> Recorded information
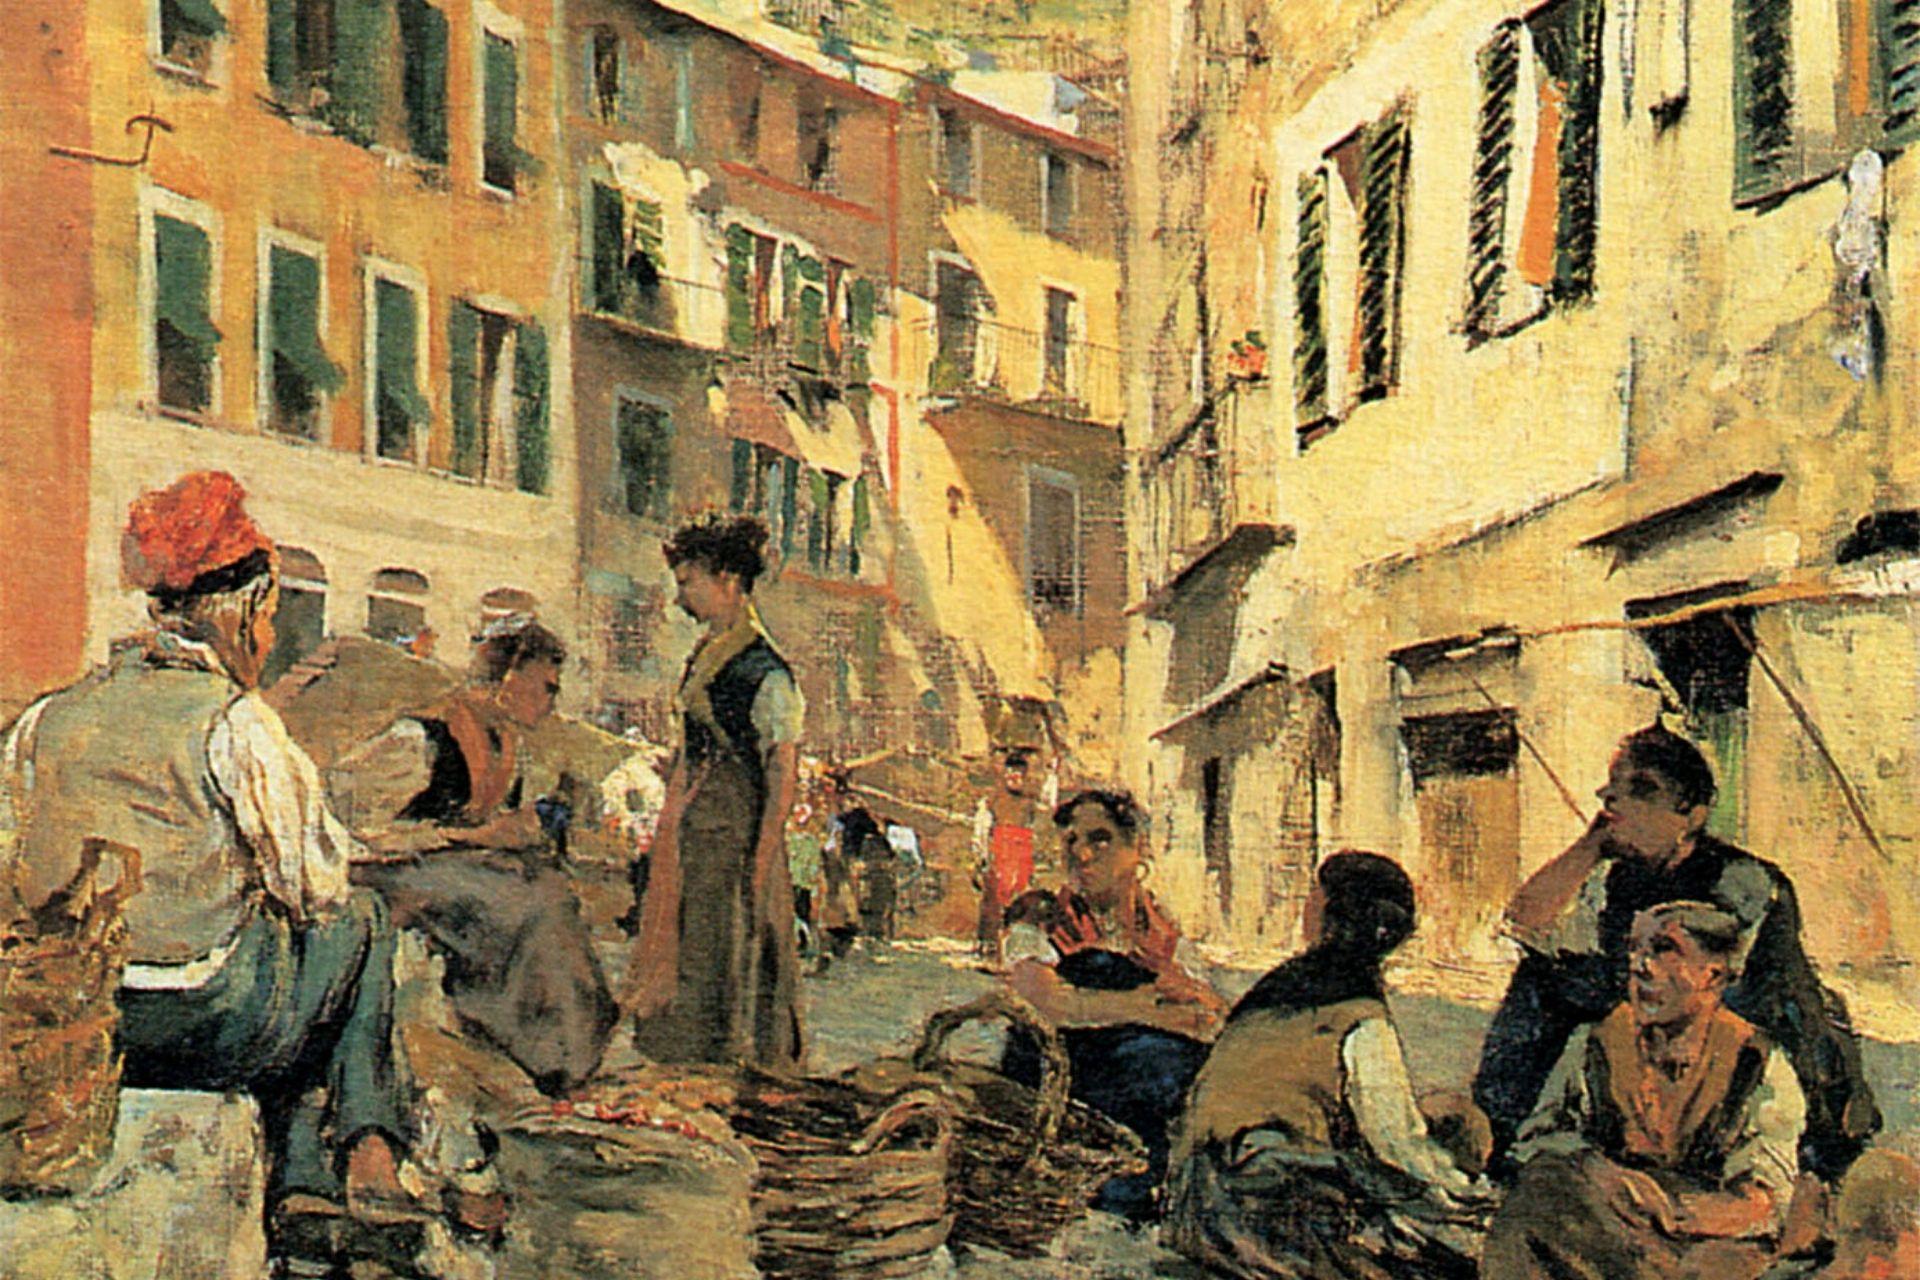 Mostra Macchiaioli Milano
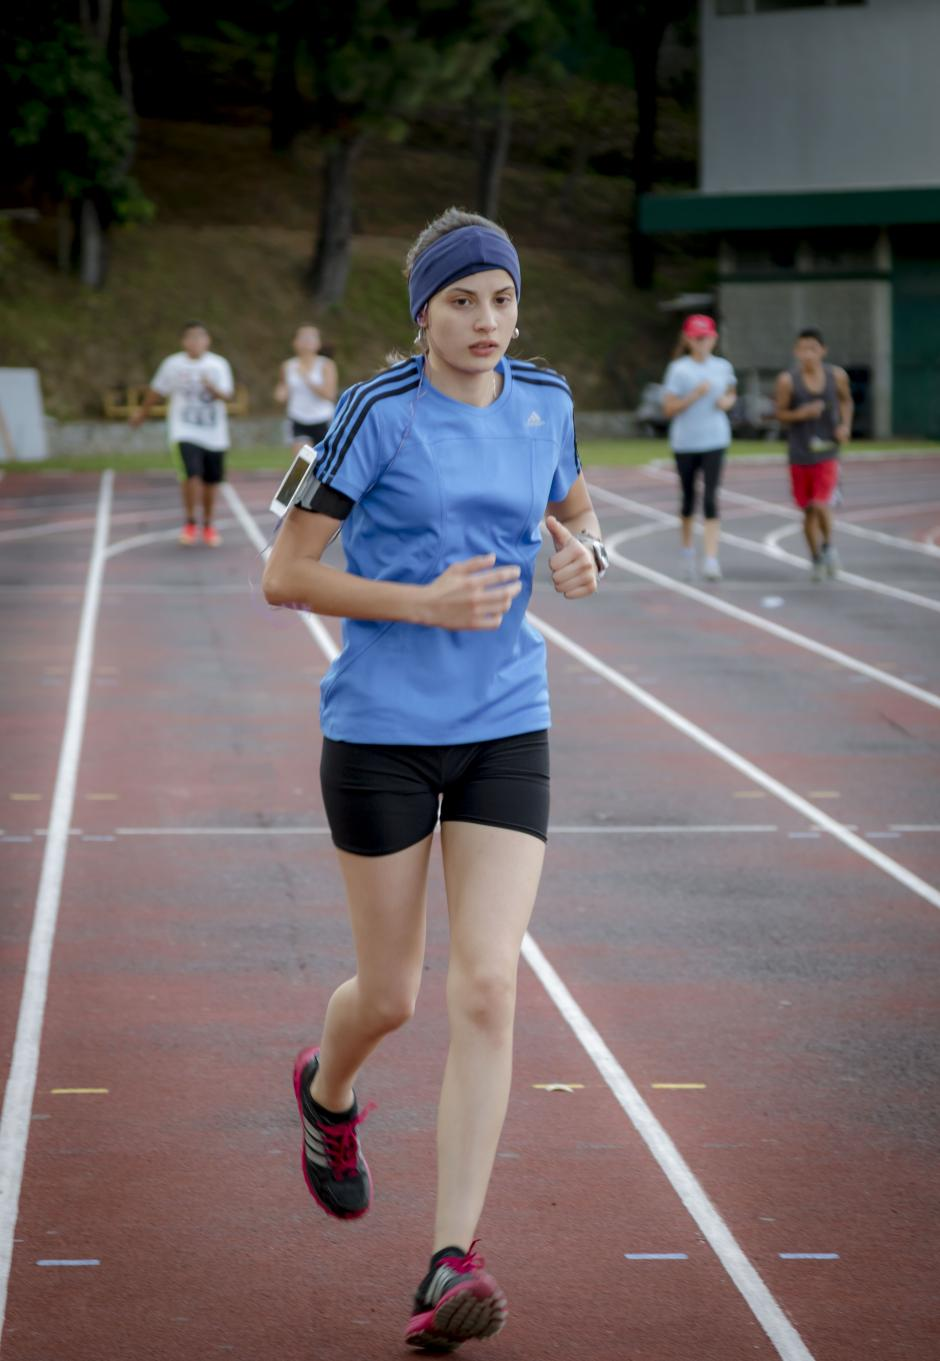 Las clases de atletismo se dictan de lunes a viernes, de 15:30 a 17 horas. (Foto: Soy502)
...
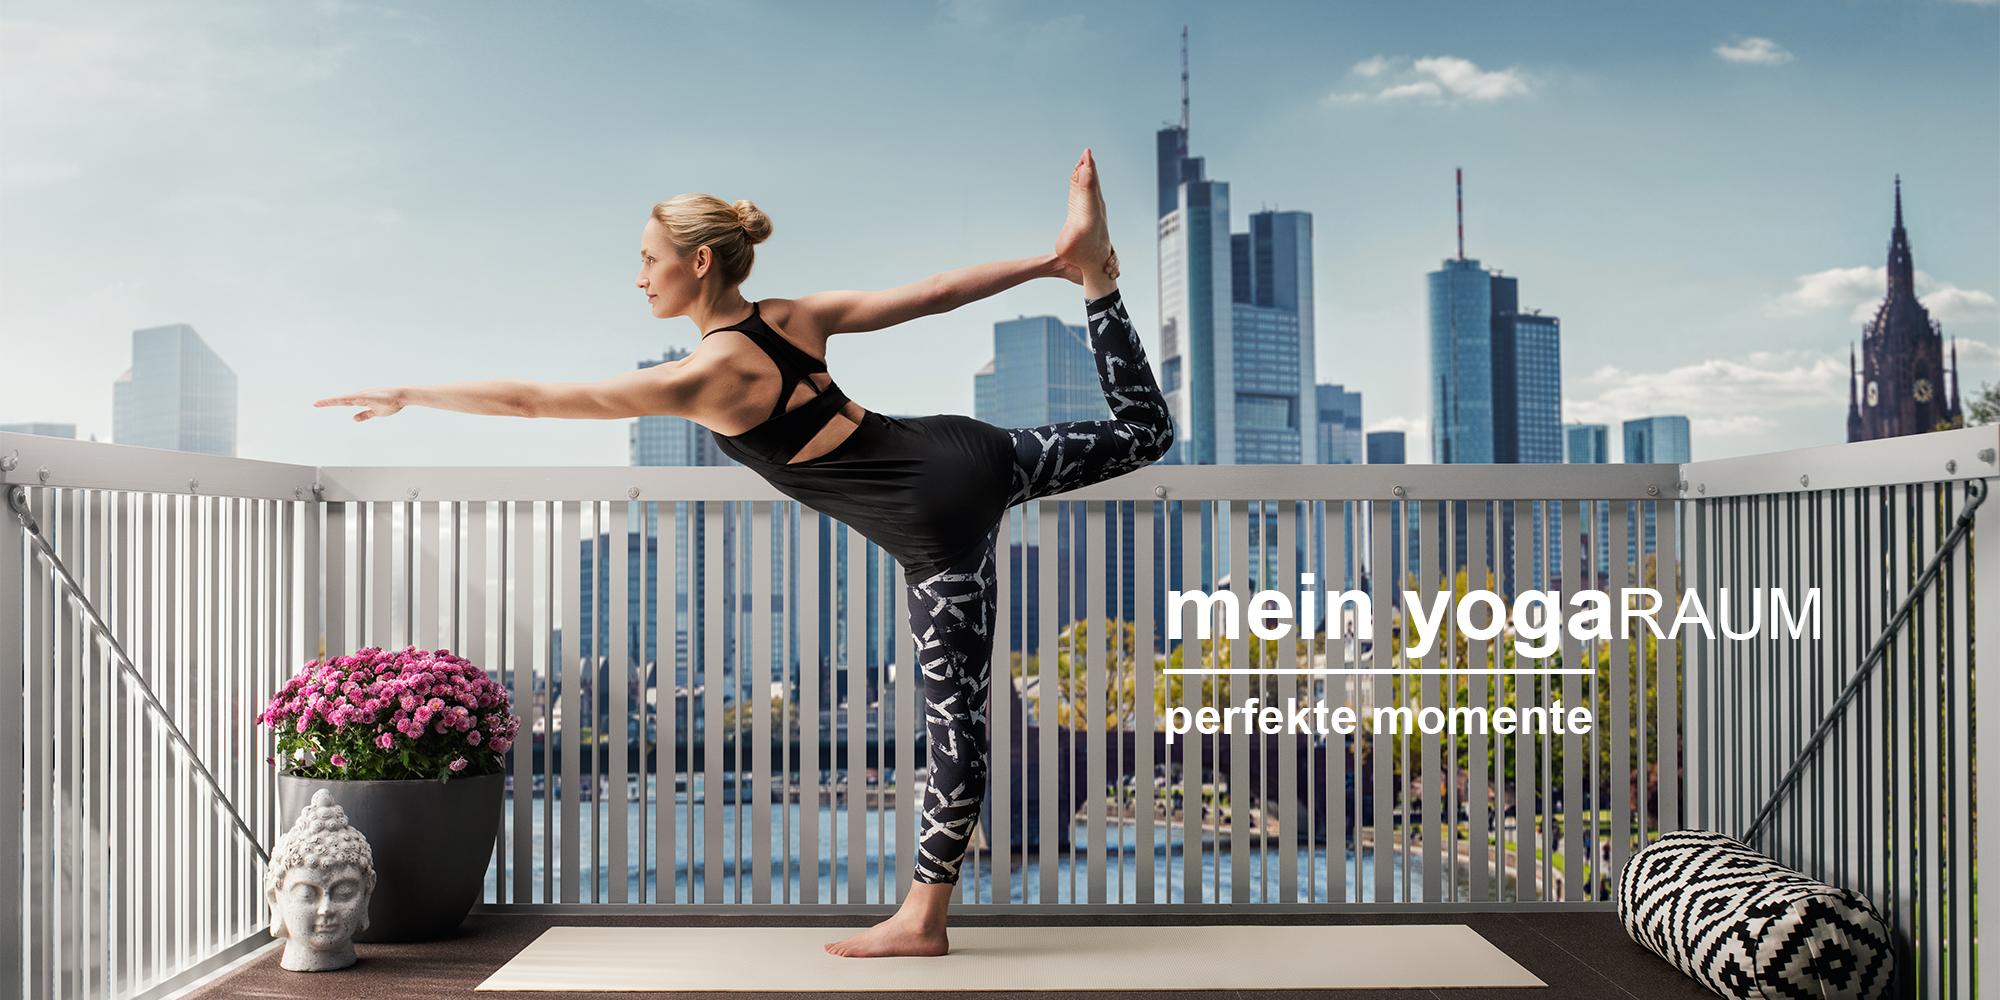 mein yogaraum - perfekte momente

> What is needed
Both the line above containing "Mostra Macchiaioli Milano" and the line containing "Las clases de" belong in the copy, along with every line between them; print these exactly and omit the pictures.

> Answer section
 Mostra Macchiaioli Milano
 Las clases de atletismo se dictan de lunes a viernes, de 15:30 a 17 horas. (Foto: Soy502)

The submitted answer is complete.